En 2018, ils sont passés à un cheveu de la victoire et, aujourd’hui, ils refont leurs calculs : avec un peu moins de 1 000 voix glanées chez leurs adversaires, ils arriveraient à leurs fins. Les partisans de Guy D’haeseleer, député du parti d’extrême droite xénophobe et séparatiste Vlaams Belang (VB), rêvent d’une victoire à Ninove, une ville de 40 000 habitants, dans la province de Flandre-Orientale. Au soir des municipales du dimanche 13 octobre, ils comptent bien voir leur favori devenir « bourgmestre » (maire). Ce serait une première depuis 1945 dans le pays et cela marquerait symboliquement la fin du cordon sanitaire, cette pratique qui, depuis la création du Vlaams Belang – qui s’appelait alors Vlaams Blok – en 1979, a permis de tenir ce parti à l’écart de tous les échelons de pouvoir.
« Faut pas écrire qu’on est des nazis. On trouve juste qu’il y a trop d’étrangers qui vivent ici maintenant et qui prennent les logements sociaux. Guy est un chic type qui comprend ça et nous aide », commente Jos, un retraité (qui n’a pas souhaité donner son nom) en sortant du café De Posthoorn, rebaptisé « Vlaams Huis » – Maison flamande –, un bistrot de Ninove orné de drapeaux nationalistes, de lions toutes griffes dehors et d’affiches du VB.
En 2018, M. D’haeseleer a préféré à l’étiquette du VB celle de « Forza Ninove », susceptible de lui apporter les voix d’un électorat plus modéré. Pari réussi : il a remporté quinze sièges sur les trente-trois du conseil municipal. Face à lui, la maire libérale Tania De Jonge a fédéré les partis socialiste, écologiste et chrétien-démocrate pour s’assurer une courte majorité, appuyée par un candidat indépendant devenu le bouc émissaire de la Vlaams Huis. Lors des régionales, le 9 juin, M. D’haeseleer a obtenu 39,2 % des voix dans sa ville. Jos et ses amis sont convaincus qu’il fera mieux encore dimanche, quand la population sera appelée à se prononcer sur des enjeux purement locaux.

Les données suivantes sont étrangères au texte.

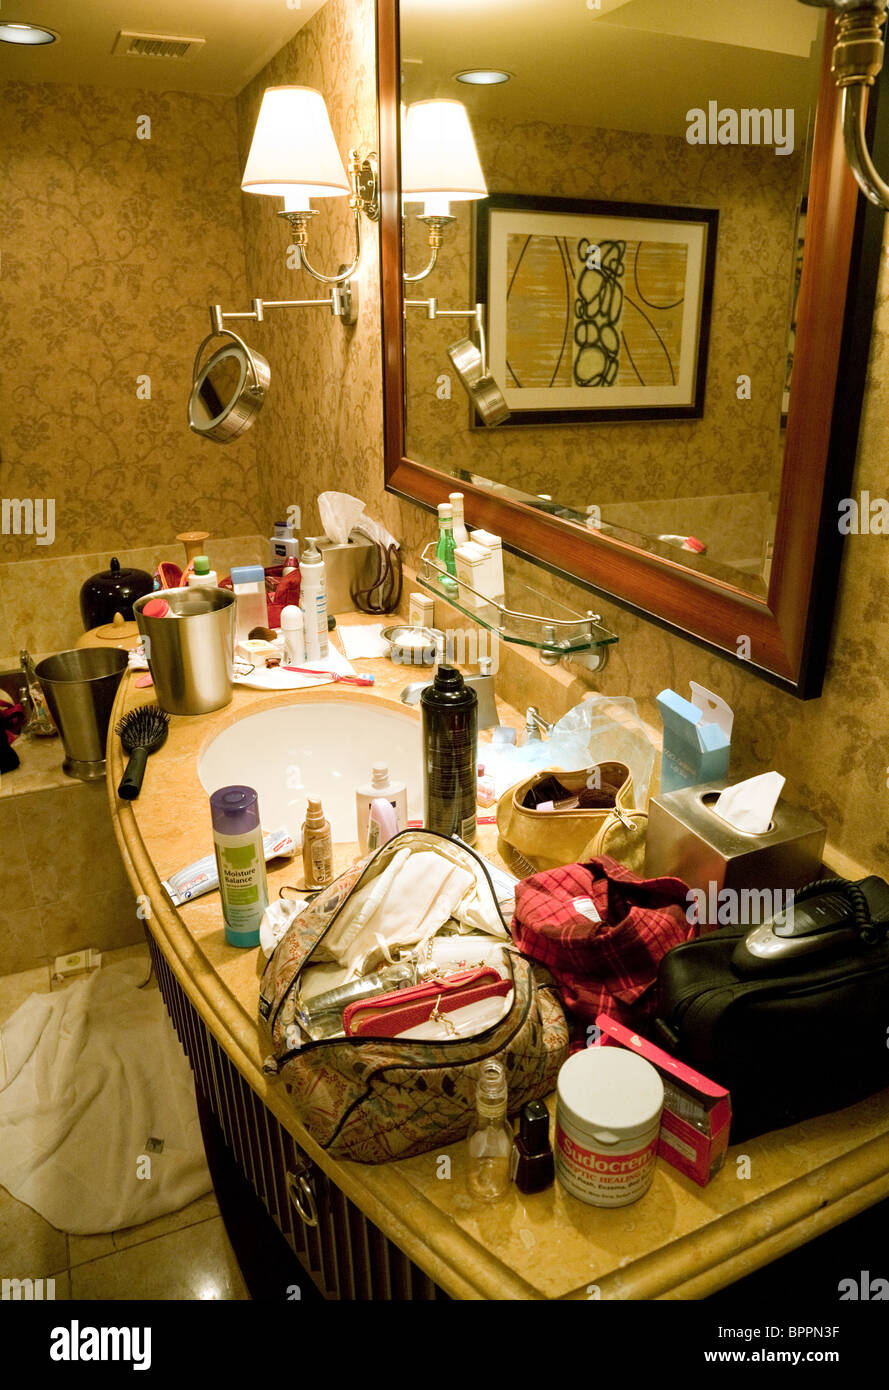 Very untidy hotel bathroom, the Bellagio Hotel, Las Vegas Nevada USA Stock Photo
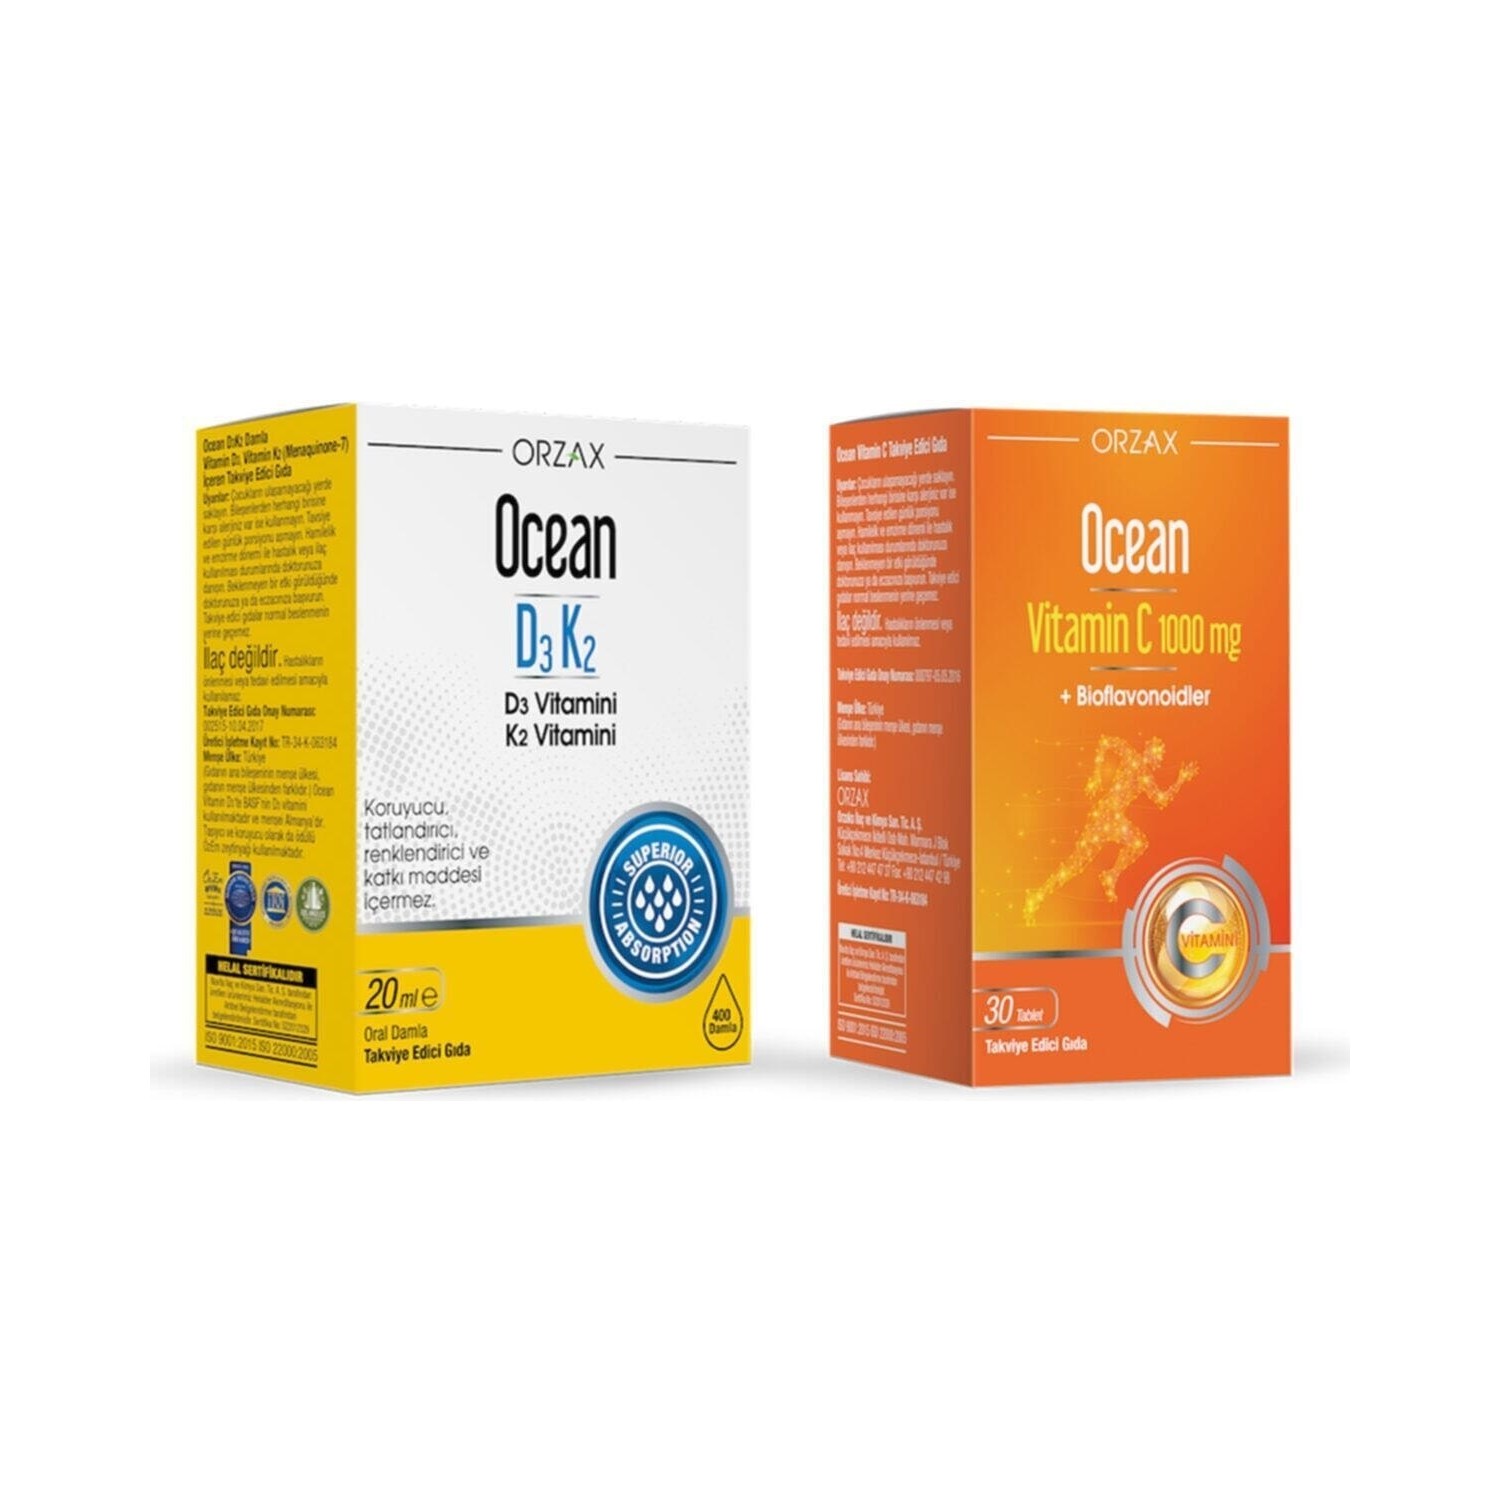 Пищевая добавка Ocean D3 / K2, 20 мл + Витамин C Ocean 1000 мг, 30 таблеток витаминные капли orzax ocean d3 k2 20 мл витамин c ocean 1000 мг 30 таблеток

Lutte contre la « francisation »
A Ninove, située à 40 km de Bruxelles, les taux de chômage et de délinquance se situent sous la moyenne de la région flamande. La mairie se flatte d’avoir renforcé les effectifs de la police et d’avoir massivement investi dans des caméras de surveillance, tandis que le noyau dur d’une bande de jeunes casseurs aurait été démantelé. « Le problème, pour un bon nombre d’habitants, c’est le caractère “visible” de l’immigration », explique un employé de la mairie, qui a requis l’anonymat « étant donné le contexte politique ».
Visible ? « En une vingtaine d’années, de nombreux Africains ont quitté Bruxelles et Gand, devenues trop chères, pour venir s’installer ici », explique notre interlocuteur. Traduction par Jos et son épouse, qui l’a rejoint : « Ils ne nous ont rien fait, mais ils ne participent à rien, pompent 80 % des aides sociales et, en plus, ils ne parlent que le français. » La lutte contre la « francisation » de la région, consécutive à l’arrivée d’étrangers qui représentent désormais un cinquième de la population locale, est un autre thème de la campagne. S’ils se présentent à la mairie, ceux qui ne connaissent pas le néerlandais sont déjà invités à se faire accompagner d’un interprète. Ou à compter sur la bonne volonté d’un fonctionnaire désobéissant.